TOP ABSTRACT INTRODUCTION MATERIALS AND METHODS RESULTS DISCUSSION REFERENCES

 
Substantial experimental evidence indicates that the Plasmodium circumsporozoite (CS) protein has great potential as a vaccine candidate. We tested the safety and immunogenicity of vaccines composed of P. vivax CS-derived synthetic peptides. Sixty-nine healthy, malaria-naive volunteers were randomized to receive three injections of placebo or synthetic proteins N, R, or C (10, 30, or 100 µg/dose) in a double-blinded fashion. Vaccines were well tolerated and no serious adverse events were observed. Peptides N and R elicited humoral responses at all doses; peptide C elicicted these responses only at doses of 30 and 100 µg.
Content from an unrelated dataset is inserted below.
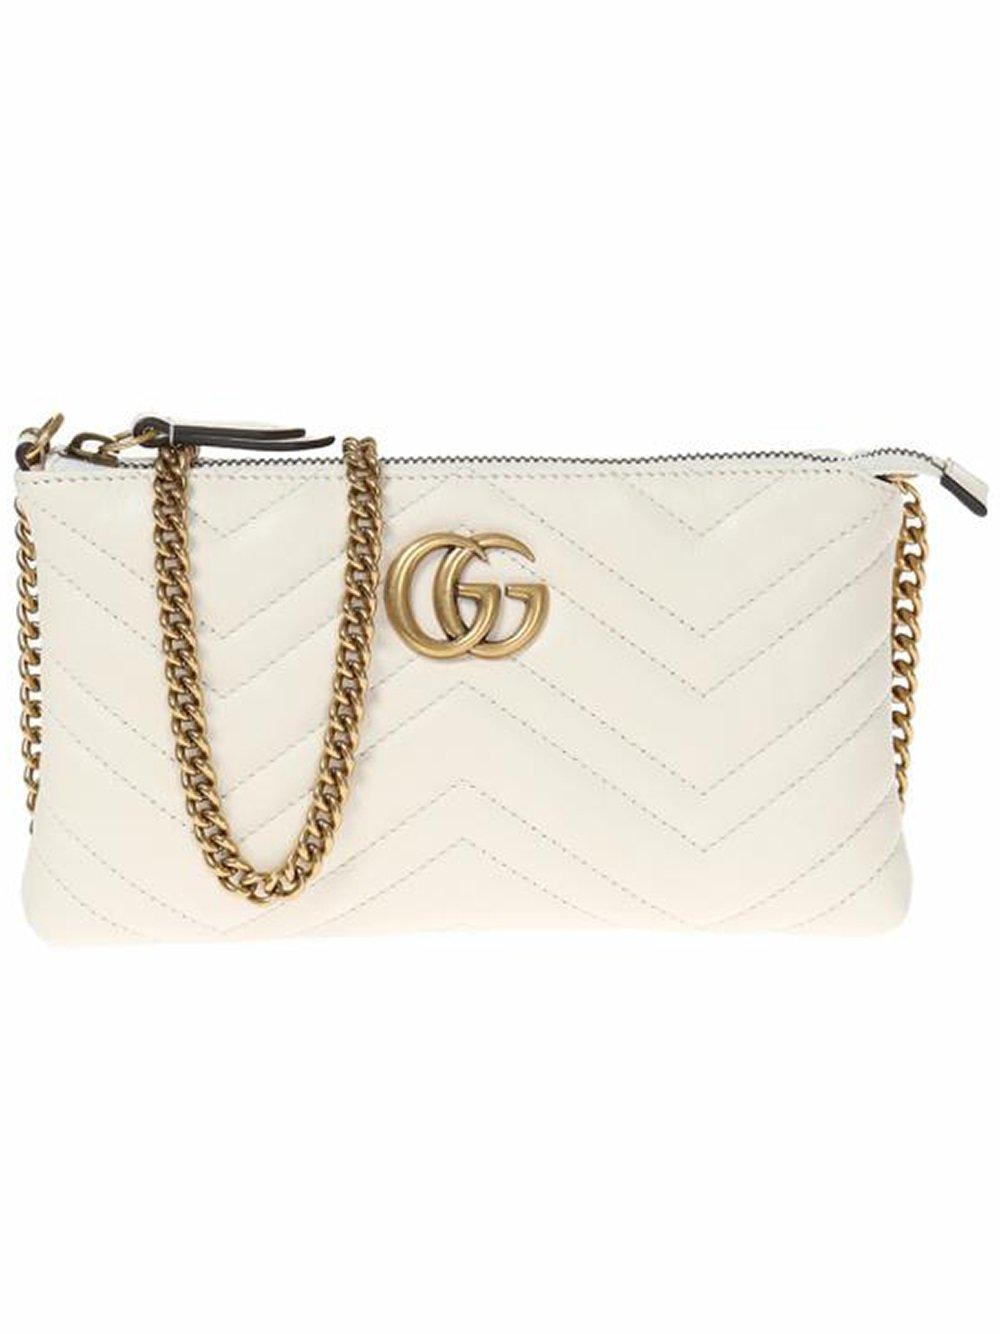 Lyst - Gucci Gg Marmont Wallet Crossbody Bag in Natural

The N peptide at a dose of 100 µg elicited the greatest antibody response. Antibodies to the three peptides recognized P. vivax sporozoites in an immunofluorescent antibody test. Peripheral blood mononuclear cells from most immunized volunteers also produced interferon- upon peptide in vitro stimulation. These vaccines appear safe, well tolerated, and immunogenic in malaria-naive volunteers. Further optimization and development of this vaccine is being attempted to conduct phase II clinical trials.

INTRODUCTION

TOP ABSTRACT INTRODUCTION MATERIALS AND METHODS RESULTS DISCUSSION REFERENCES

 
An estimated 80 million cases of Plasmodium vivax malaria occur yearly worldwide. Although this parasite species does not produce significant mortality compared with P. falciparum, the disease negatively affects human health, economic productivity, and per capita income in malaria-endemic communities, as well as the health of travelers visiting areas not endemic for malaria.¹ Since classic malaria control measures have failed to reduce the malaria burden, an effective vaccine is a priority to control this disease. Although the malaria parasite cycle provides at least three levels that may be targeted by immune responses, the pre-erythrocytic phase of the parasite cycle appears to be an ideal one because blocking hepatocyte invasion and further growth of the parasite would prevent subsequent clinical manifestations and relapse.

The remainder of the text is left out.